It is indeed this form of nostalgia that one senses in Wickremasinghe's 'Lay Bare the Roots' and his later writings. He sees the past not as a space of refuge, a topographical imaginary, but one that is full of possibilities for the future if only we are able to exercise our critical faculties, and sort out the good from the bad. That is why I have chosen to call it a critical nostalgia. Clearly, Wickremasinghe is espousing this form of nostalgia. It is important to bear in mind the fact that the thread that connects all his writings is Buddhist thought, and the idea of flux and multiple causalities underlying any incident - which lie at the heart of Buddhist worldview - has inflected his ideas of nostalgia.

Martin Wickremasinghe trilogy of novels, 'Gamperaliya', 'Kaliyugaya', 'Yuganthaya', which I have discussed in detail in my book, 'Sinhala Novel and the Public Sphere', display the power of critical nostalgia I am referring to.

These three novels chart a very important social transformation that took place in this country - the collapse of feudalism and the rise and spread of the middle class in terms of interpersonal relationships. In his hands, the critical nostalgia that I am focusing on has proved to be a highly productive enframing device of his narrative.

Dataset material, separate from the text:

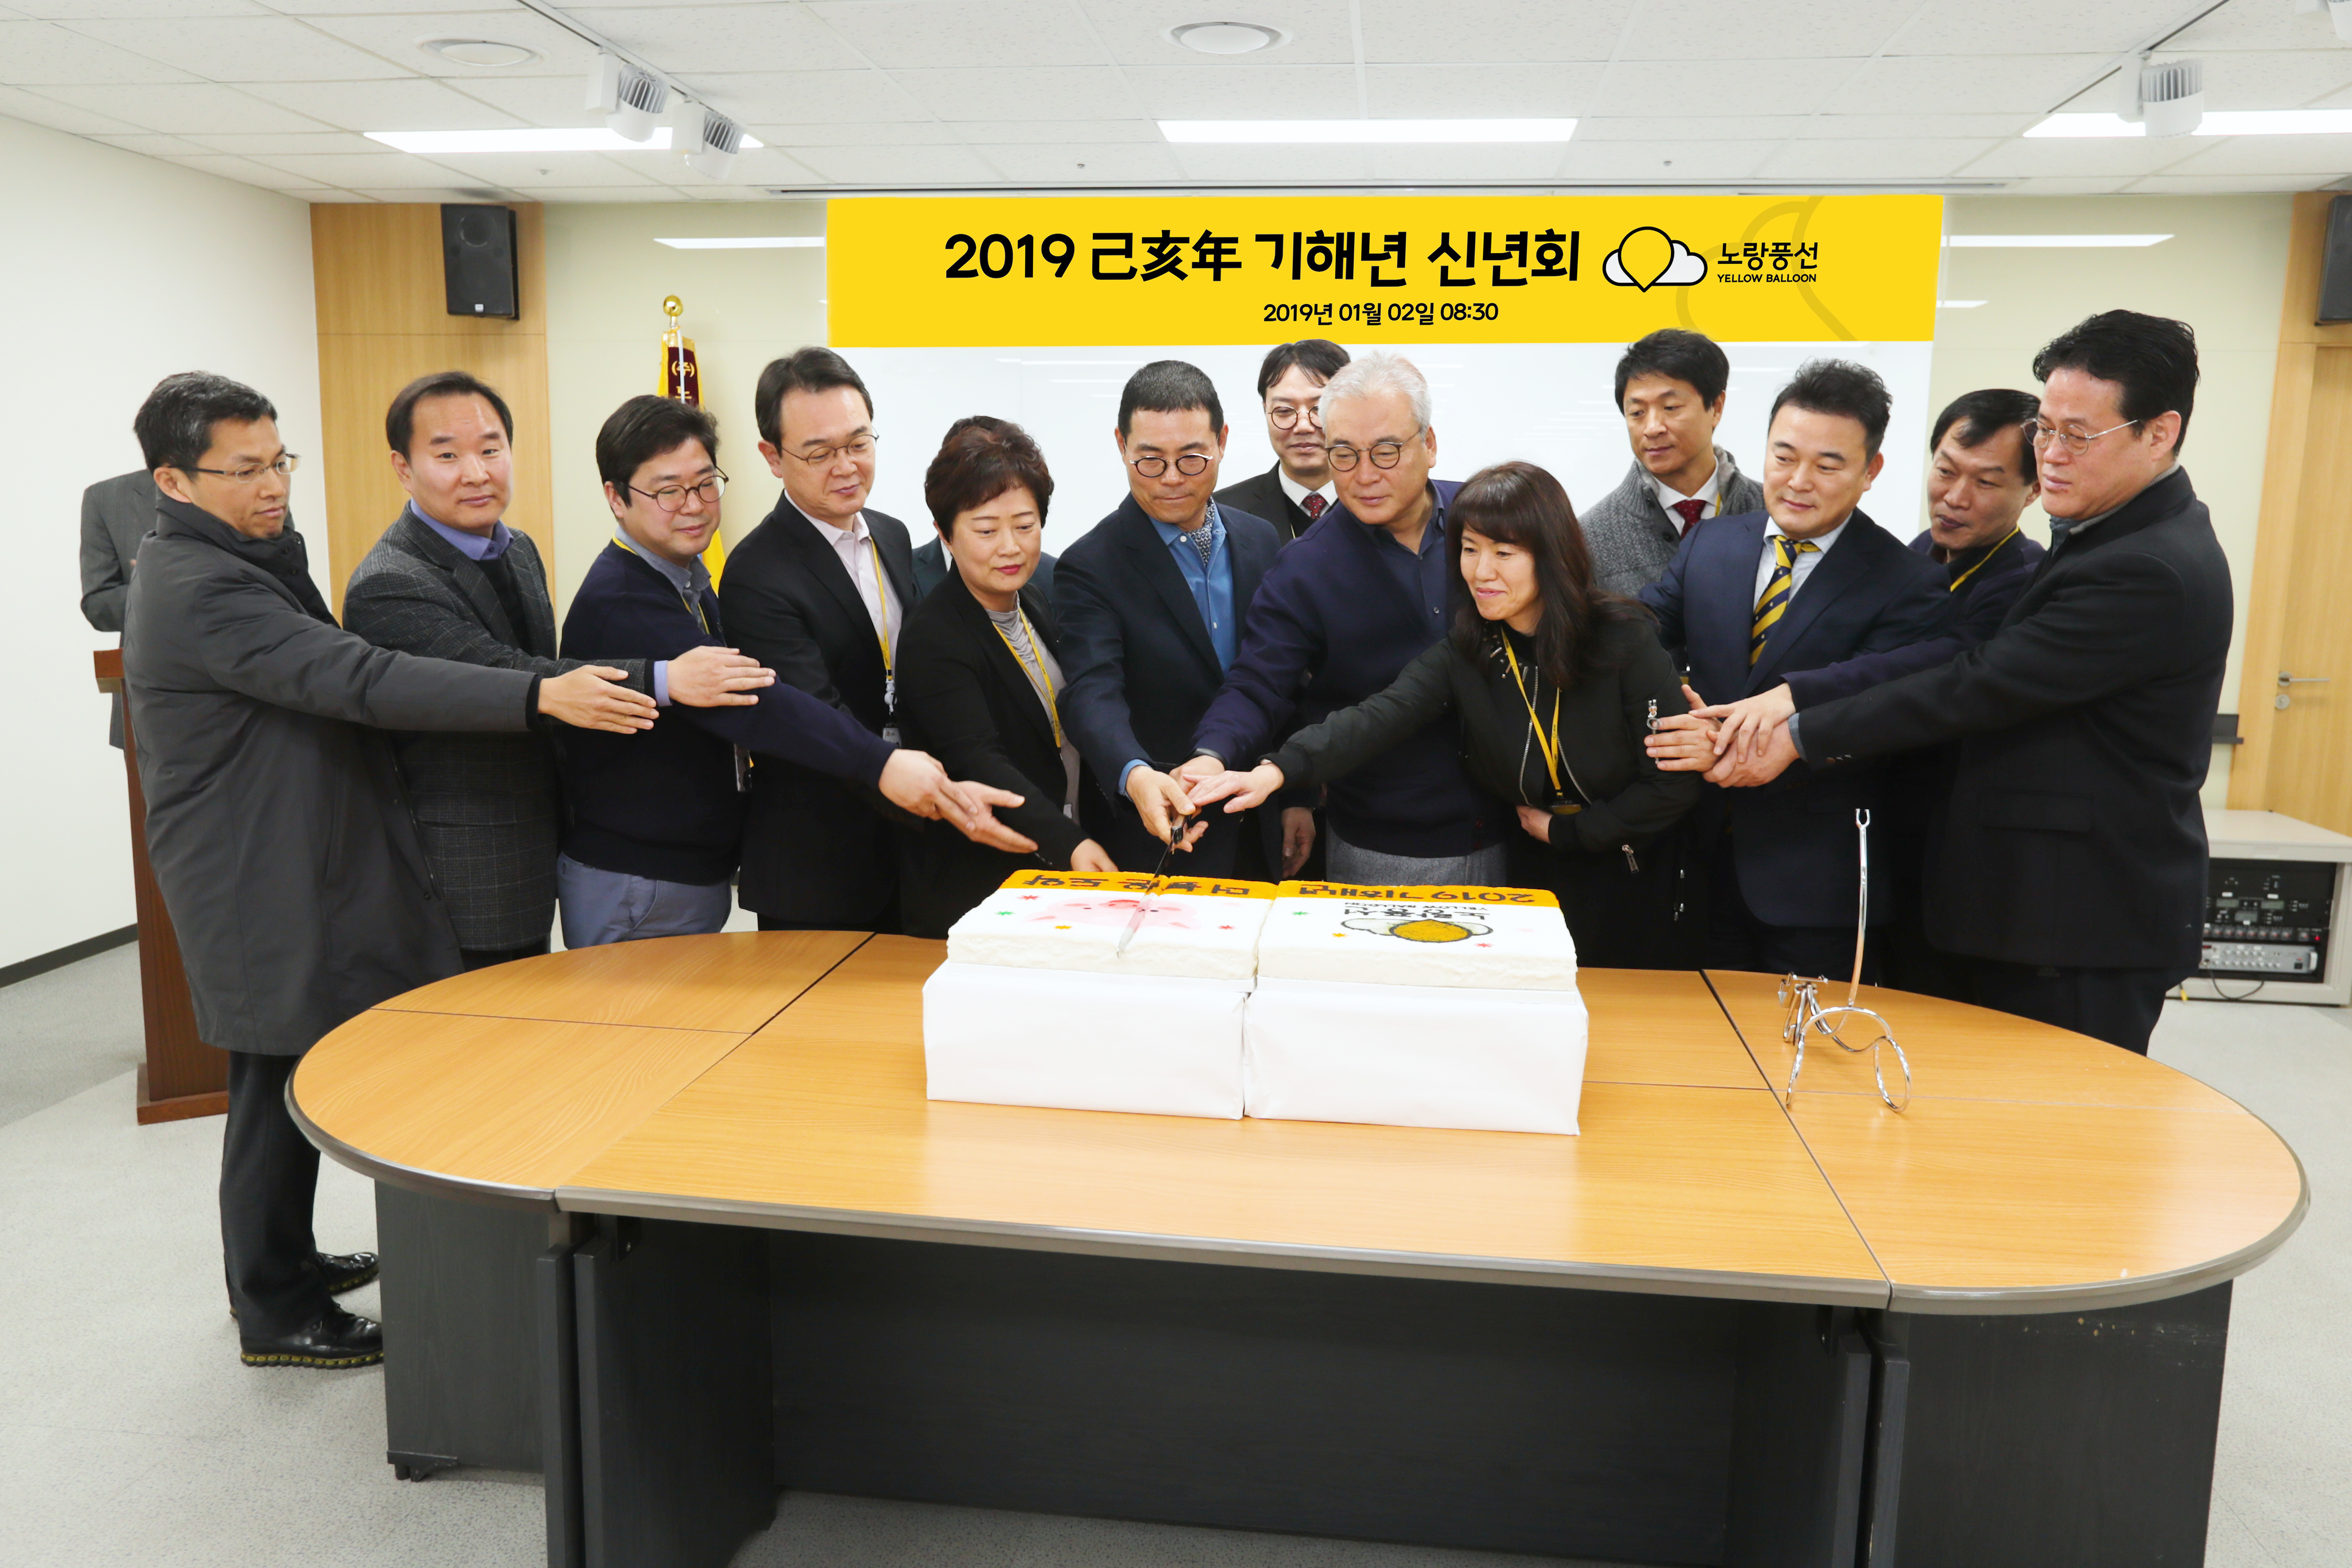 [이투데이] 노랑풍선, 2019년 신년회 개최…경영 혁신 다짐

Wickremasinghe's three novels reconfigure the rise of the indigenous middle class and the cultivation of seeds of its self-destruction. The author is clearly arguing against the linear, putatively universal model of modernity imposed on our thinking by western social science.

He is also making the related point that it is only by drawing judiciously on the vitality and nurturing power of traditional culture that we are able to construct meaningful and wholesome lives for ourselves and meet the manifold challenges unleashed by the fissiparous forces of modernity.

The point of view that Wickremasinghe is articulating is wrapped up in the concept of critical nostalgia that I referred to earlier. It is indeed a mark of his mental agility that he was able to enforce that connection.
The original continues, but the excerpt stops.